• Records:
= Beginning of Section =
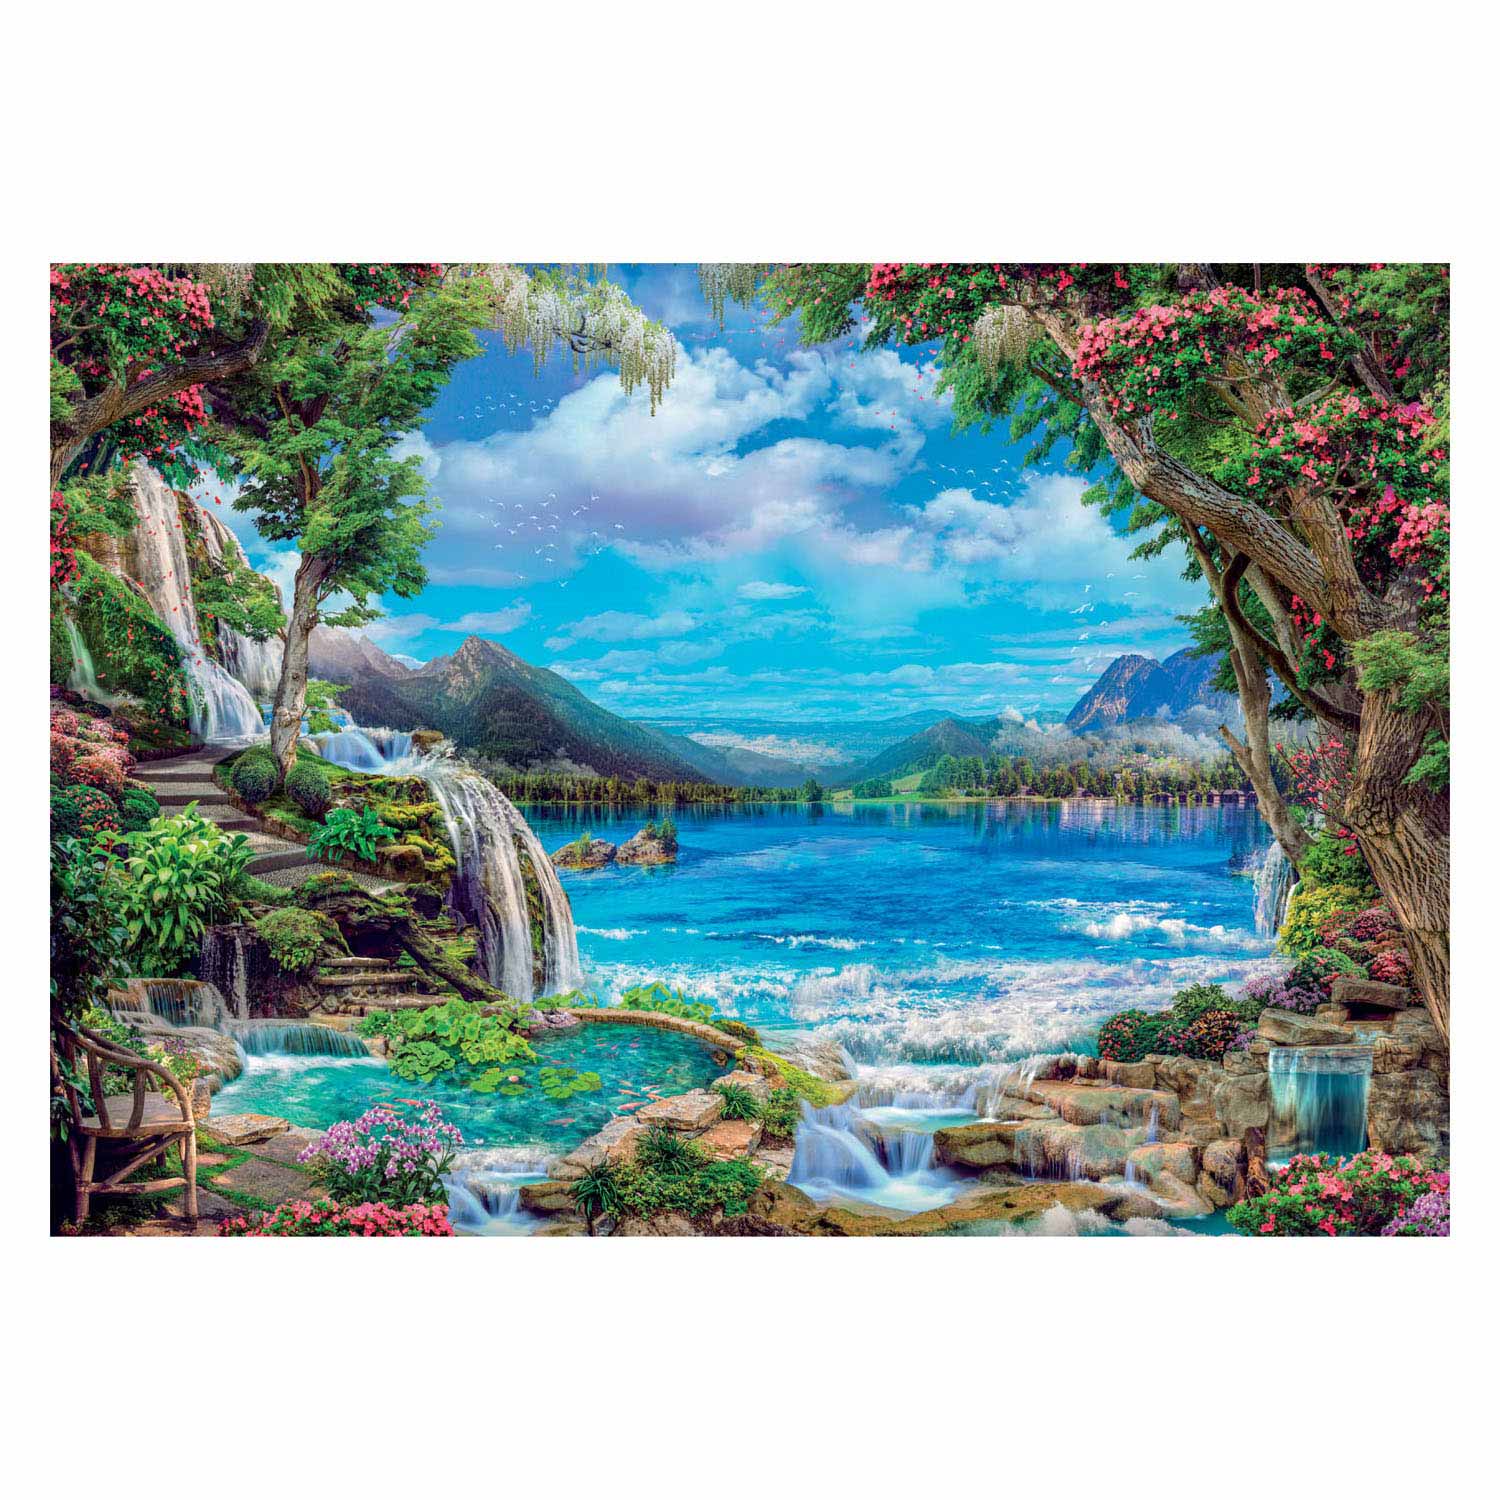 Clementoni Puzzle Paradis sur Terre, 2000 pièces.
= End of Section =
= Beginning of Section =
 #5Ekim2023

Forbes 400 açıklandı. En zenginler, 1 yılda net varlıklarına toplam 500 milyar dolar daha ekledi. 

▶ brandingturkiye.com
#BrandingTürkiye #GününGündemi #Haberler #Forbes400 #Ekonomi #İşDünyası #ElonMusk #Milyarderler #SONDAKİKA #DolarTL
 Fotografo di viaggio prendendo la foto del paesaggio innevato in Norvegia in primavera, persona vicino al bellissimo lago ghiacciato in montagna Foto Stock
= End of Section =
• Problem statement: In the listing above, find the line holding "Forbes 400 açıklandı." and the line holding "Fotografo di viaggio", then output those two lines and every line between them exactly.

• Response:
Forbes 400 açıklandı. En zenginler, 1 yılda net varlıklarına toplam 500 milyar dolar daha ekledi. 

▶ brandingturkiye.com
#BrandingTürkiye #GününGündemi #Haberler #Forbes400 #Ekonomi #İşDünyası #ElonMusk #Milyarderler #SONDAKİKA #DolarTL
 Fotografo di viaggio prendendo la foto del paesaggio innevato in Norvegia in primavera, persona vicino al bellissimo lago ghiacciato in montagna Foto Stock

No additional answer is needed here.